DT: Well, there was Jerry Lewis... then in my adolescence it was the Marx Brothers, who I still love to this day. In my teen years George Carlin was big, Robert Kline... then there's the Firesign Theater. They were like the American Monty Python; but they were more controversial and more surrealistic. In America, TV would not have them, but records would. They sold a lot of pop songs and did movies, just brilliant stuff, and brilliant use of audio alone. And that fascinated me. At that time there was no such thing as video that everyone has access to now. Radio was far more common than it is today. I started out in radio in Philadelphia years later, inspired in part by The Firesign Theater. Now, one of the four guys from the group (see insert) is a personal friend of mine, which to me is like, WOW, you know? I wish I could have made friends with Groucho Marx as well; but unfortunately, I was a little out of sync in my timing there. He was gone before I got out to LA; one of the greatest comedians that ever lived.

V5: How did you end up in Italy?

DT: I got a scholarship from Temple University to go abroad for a semester. I thought it was going to be a little vacation from show business. I was doing a little radio program and some live gigs as a stand-up in Philadelphia and around the area, wherever I could find a place to play. I was just over 19 so I was playing in places I wasn't old enough to be in. It was an entirely different world then.

V5: How did you get the role of Xenon on SHE (1983)?

DT: I auditioned for it. I was already here; and prior to that film I did a TV show called TILT! (1979) which had been a major hit for the Italians and it represented them at TV festivals around the world. I think it won some awards although they didn't share it with me. It was my first break and gave me a big break in show business here right away. I came here with two hundred dollars in travelers checks and that was it. For a semester that's not much. At first I played the streets as a mime doing robotics and whatnot to make money. At night I did a radio program called Radio Daily American, which was the English language newspaper here in Rome and they had their own radio station. It didn't pay much but it paid enough to get me to stay an extra couple of weeks after the semester was over. 

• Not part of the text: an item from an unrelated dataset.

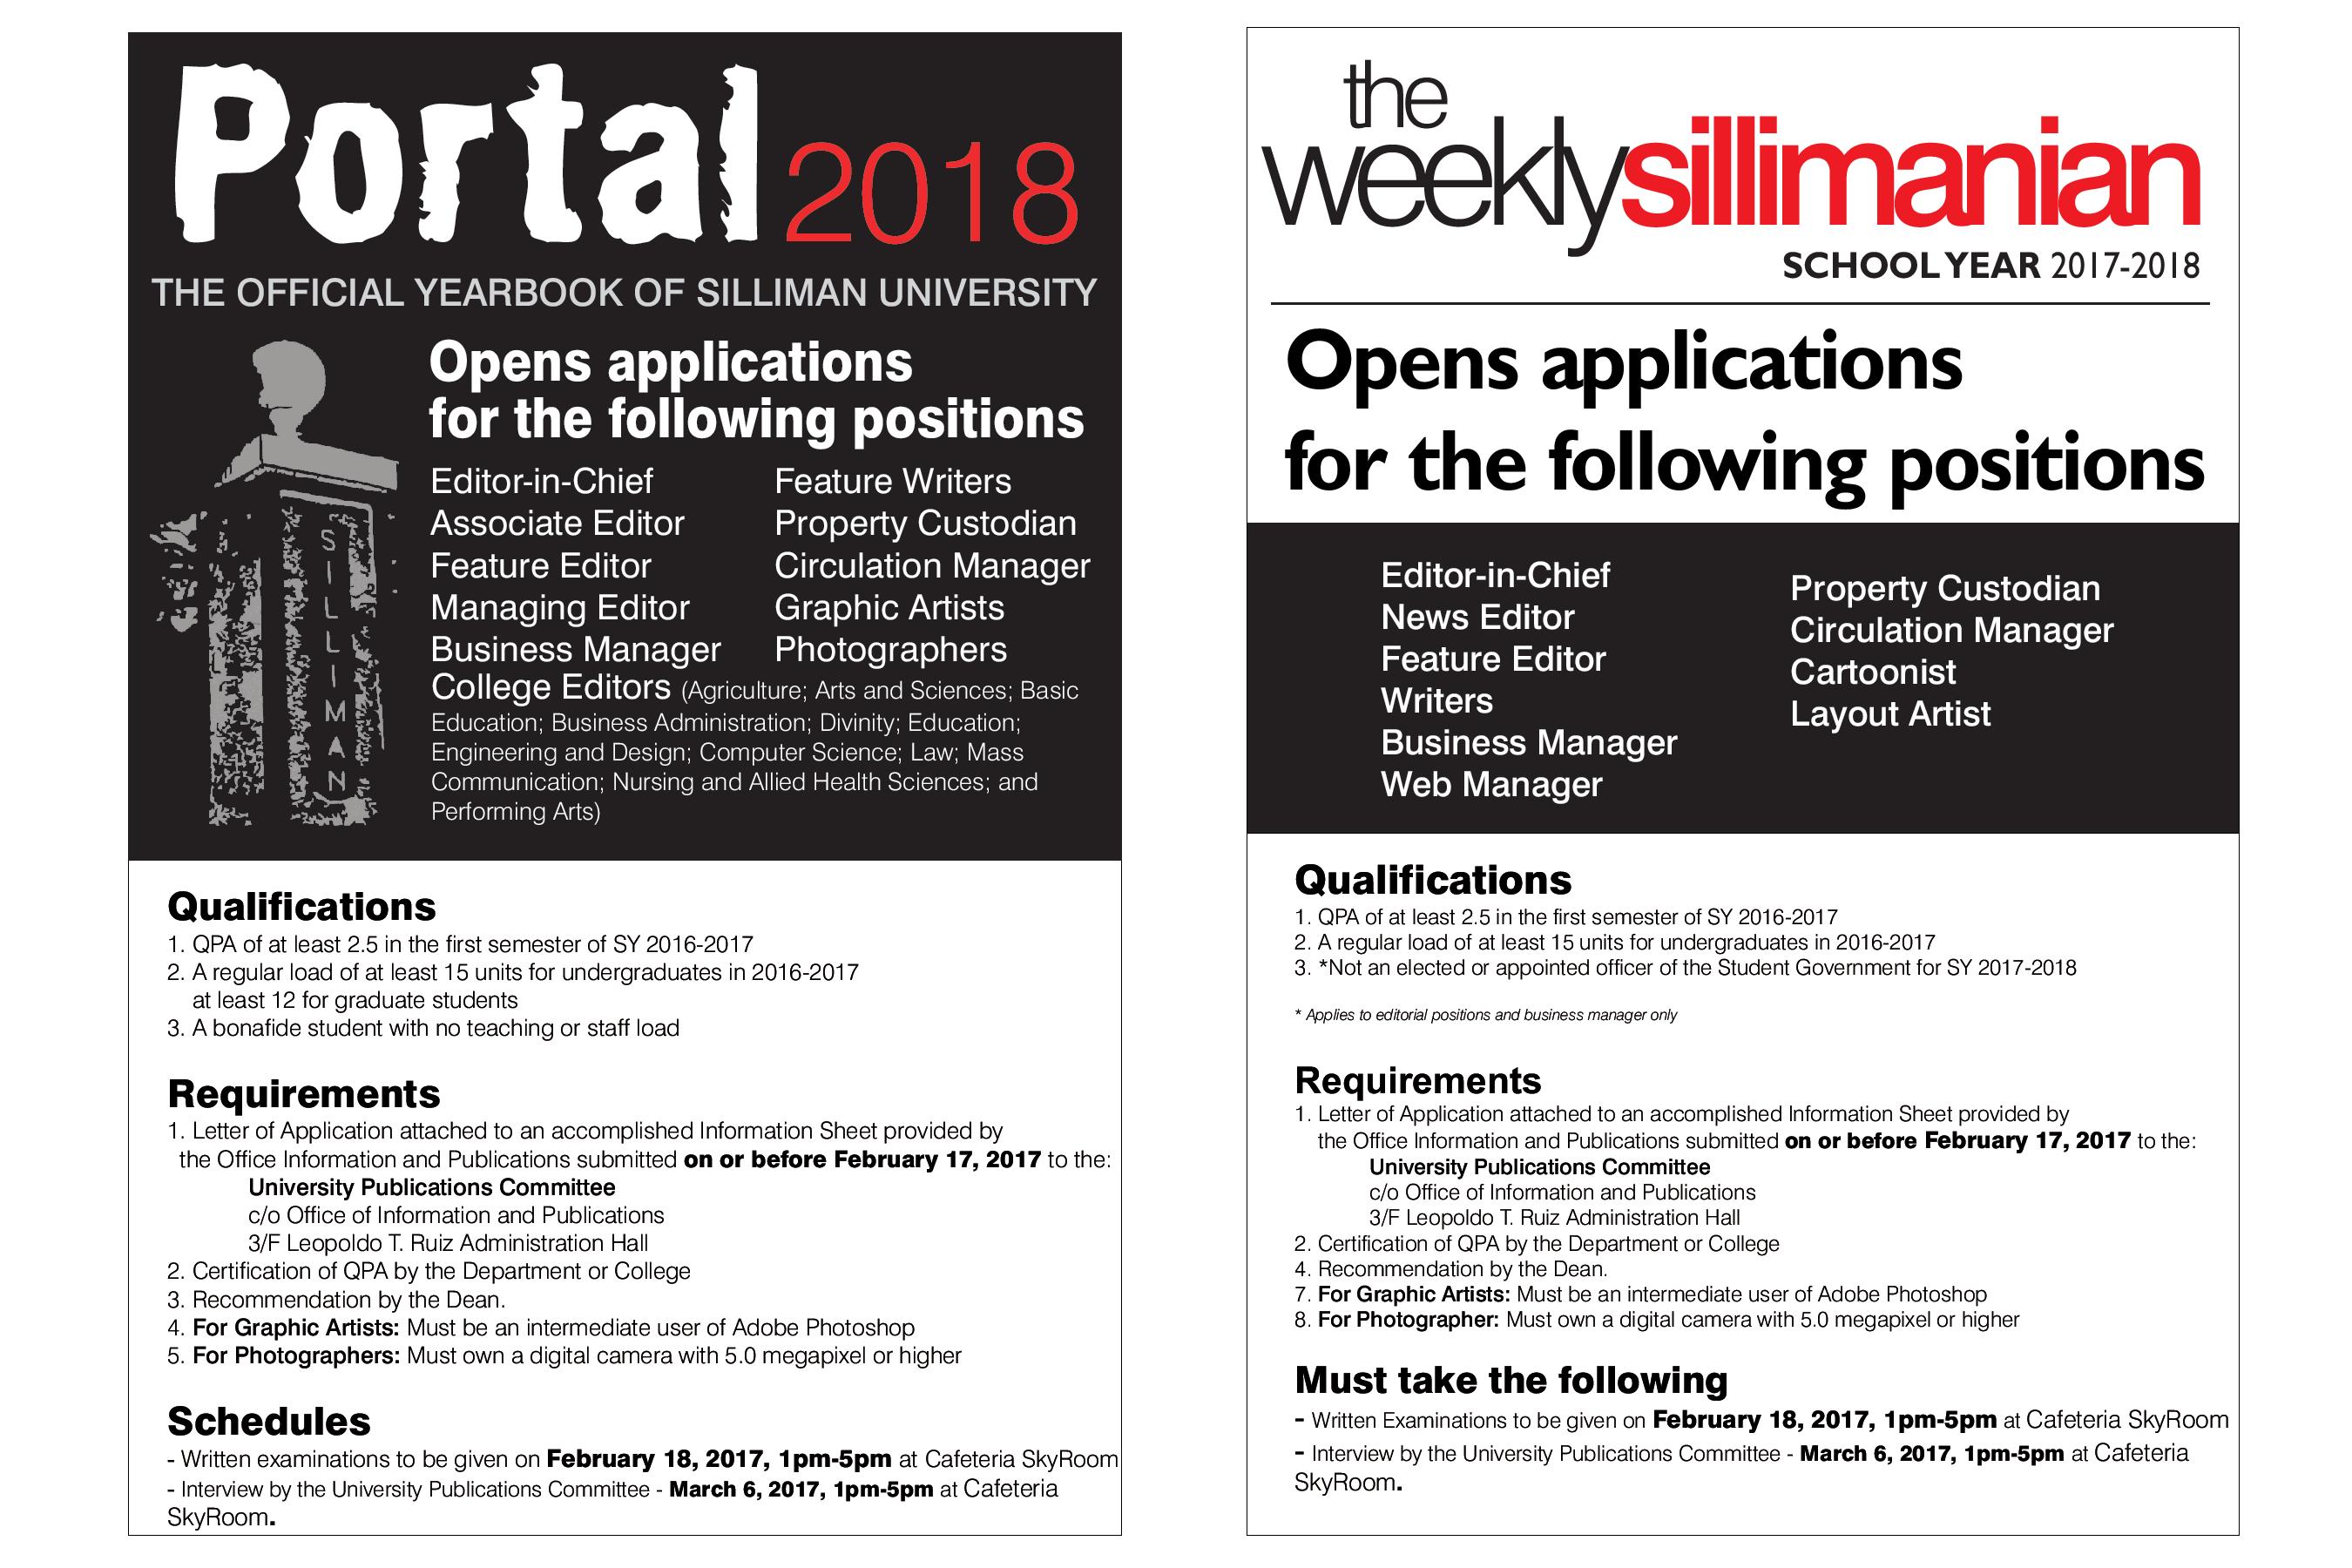 Application for Portal 2018 and The Weekly Sillimanian 2017-2018 Now Open

I got discovered busking and was invited to perform at a discotheque. The discotheque hired me immediately and sent me out to do a tour promoting disco records. This was in 1979. Disco was still a big deal here. The whole reason for coming to Italy was I figured I wouldn't get the chance to come to Europe again later in life. I did the show, I was an MC and people really loved what I did so the record company signed me up for a record deal. They also wanted me on TV. I thought it would be something to add to my resume. So they put me on TV and the program became a major hit in Italy. I had a top 40 hit and enough gigs to last me another two years. I had one more record to do and the record company eventually lost faith in me so I did a TV show, a live program where I improvised, and got a job doing comedy and it became a mega-hit with 20 million viewers a day. There's 60 million viewers in Italy at this time. This was when TV was just regular networks and prime time. There wasn't a lot of channels. So I was back on the train again. This ran from '83 to '85. I got a gig writing for an Italian puppet political satire TV show. I also did theatrical work and eventually it got to the point where I'd gotten as far as they were gonna let me so I returned to the United States and Los Angeles. 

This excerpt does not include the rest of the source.